Frederickson of course distinguishes his own murky notion of “dominionism” from the well-known sectarian initiative known as “Christian Reconstructionism” introduced by the Armenian hypercalvinist thinker R.J. Rushdoony (1916-2001), who gave currency to the word “dominion theology” during the height of his influence in the 1960s and 1970s.  Until recently, “dominionism” usually implied among researchers Rushdoony’s very specific and draconian interpetation of religious conservatism, which included the imposition of Old Testament law upon civil society[7]. Fortunately, Rushdoony’s actual political influence in American electoral politics has been quite minimal, although conflation of the vocables “domionism” and “dominion theology” is increasingly standard practice among scholars who definitely should know better.

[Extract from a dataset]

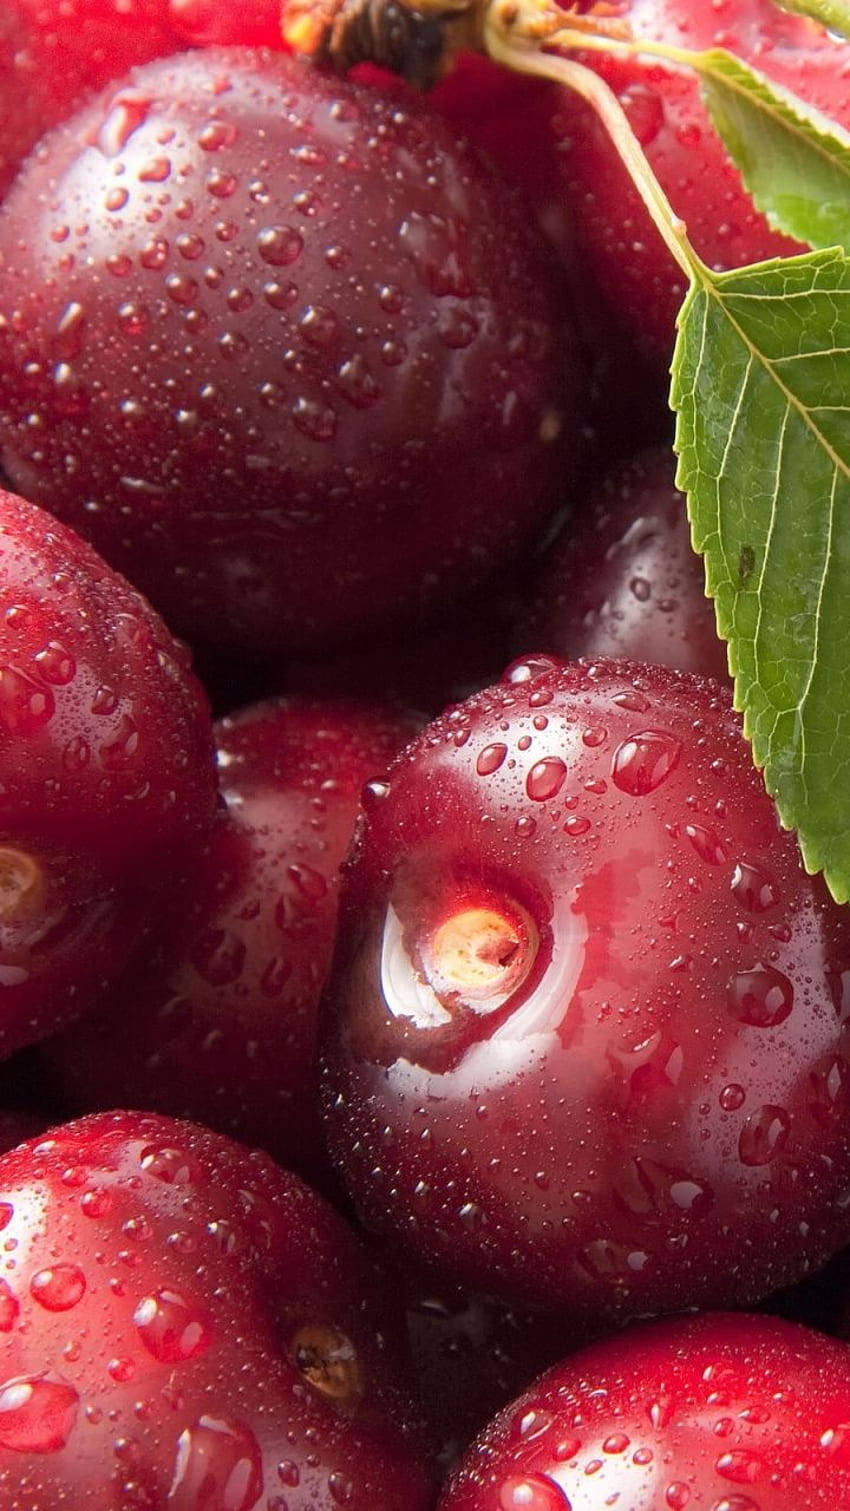 Cranberry With Water Droplets Wallpaper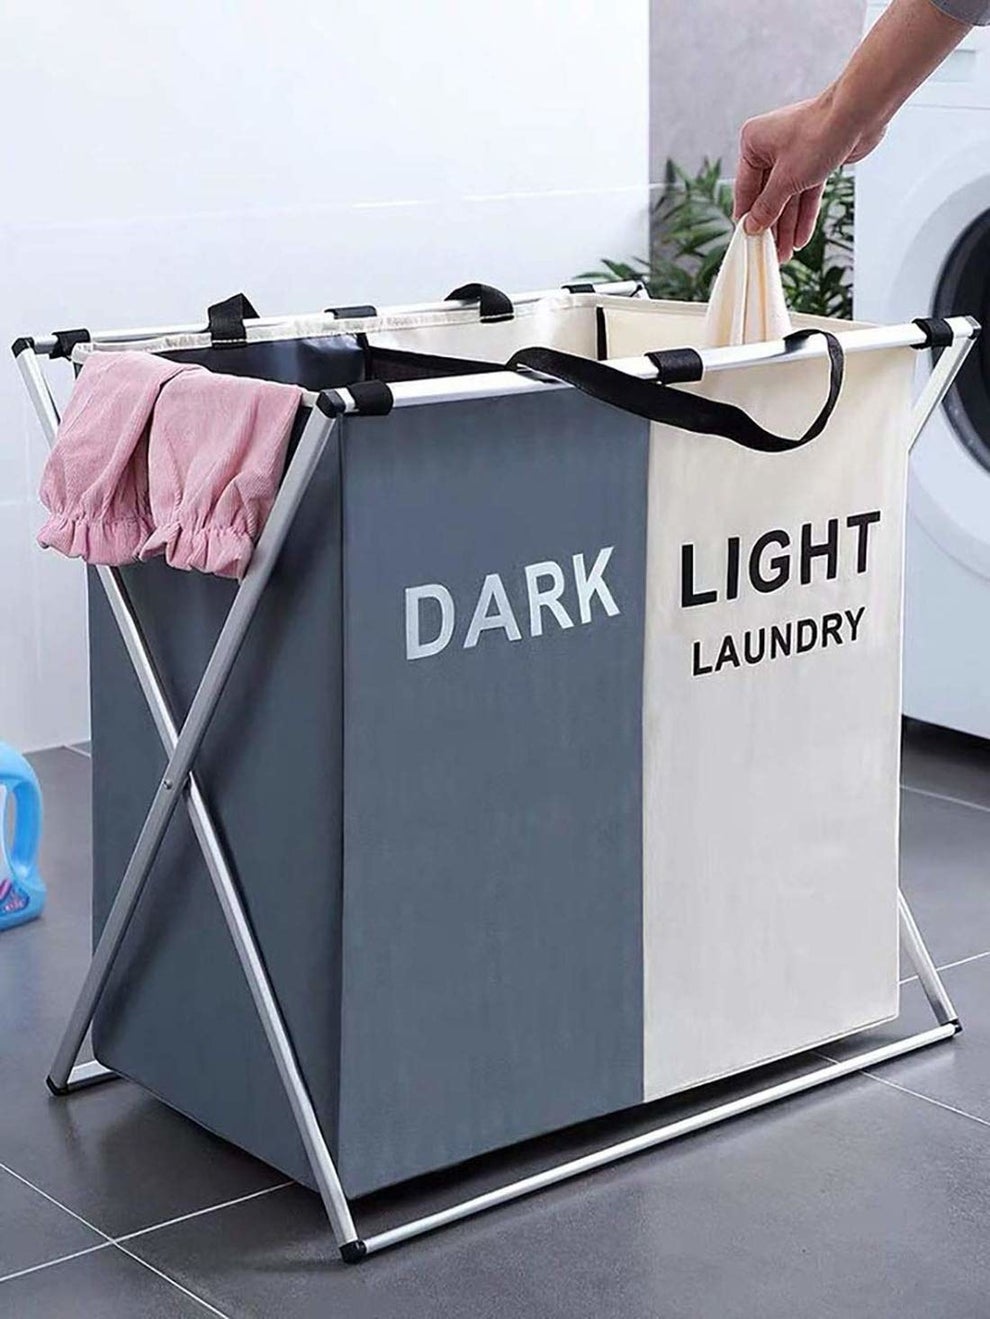 Laundry Products That'll Make Washing Clothes Easier

Dominion theology has a manifest geneaology within late nineteenth century Calvinism.  Rushdoony, an orthodox Presbyterian, was heavily influenced by the writings of Cornelius van Til, the Dutch-American philosopher and theologian considered the progenitor of Reformed apologetics. The NAR, however, has its origins in Pentecostalism, which historically has nothing to do with Calvinism, let alone dominion theology.  The latest data indicates there were at the turn of the millennium more than half a billion Pentecostals on a global basis.[8]

The red flag, if we follow the account of NAR by historical theologian Dale Coulter, was Wagner’s incorporation before his death of the Calvinist idea of the “cultural mandate” into the traditional Pentecostal preoccupation with spiritual warfare and the gifts of the spirit.[9]  In his 2008 book Dominion! How Kingdom Action Can Change the World Wagner adopted, according to Coulter, the rhetoric of Christian reconstructionism to place a conservative version of “the social gospel” (even crediting Walter Rauschenbusch himself) within a “charismatic framework” to emphasize a civic responsibility to bring “heaven to earth”.[10]

In an interview in 2011, five years before his death, Wagner in a magazine interview took on his critics by challenging both the common canard among some conventional evangelicals that NAR was a “cult” (many Southern Baptists with their doctrine of “cessationism” still regard many Pentecostals in this light) and the incipient prejudice, now rife today among certain academics, that it was a covert form of theocratic conspiracy to abolish democracy.  Wagner opined:

The way to achieve dominion is not to become “America’s Taliban,” but rather to have kingdom-minded people in every one of the Seven Mountains: Religion, Family, Education, Government, Media, Arts & Entertainment, and Business so that they can use their influence to create an environment in which the blessings and prosperity of the Kingdom of God can permeate all areas of society.[11]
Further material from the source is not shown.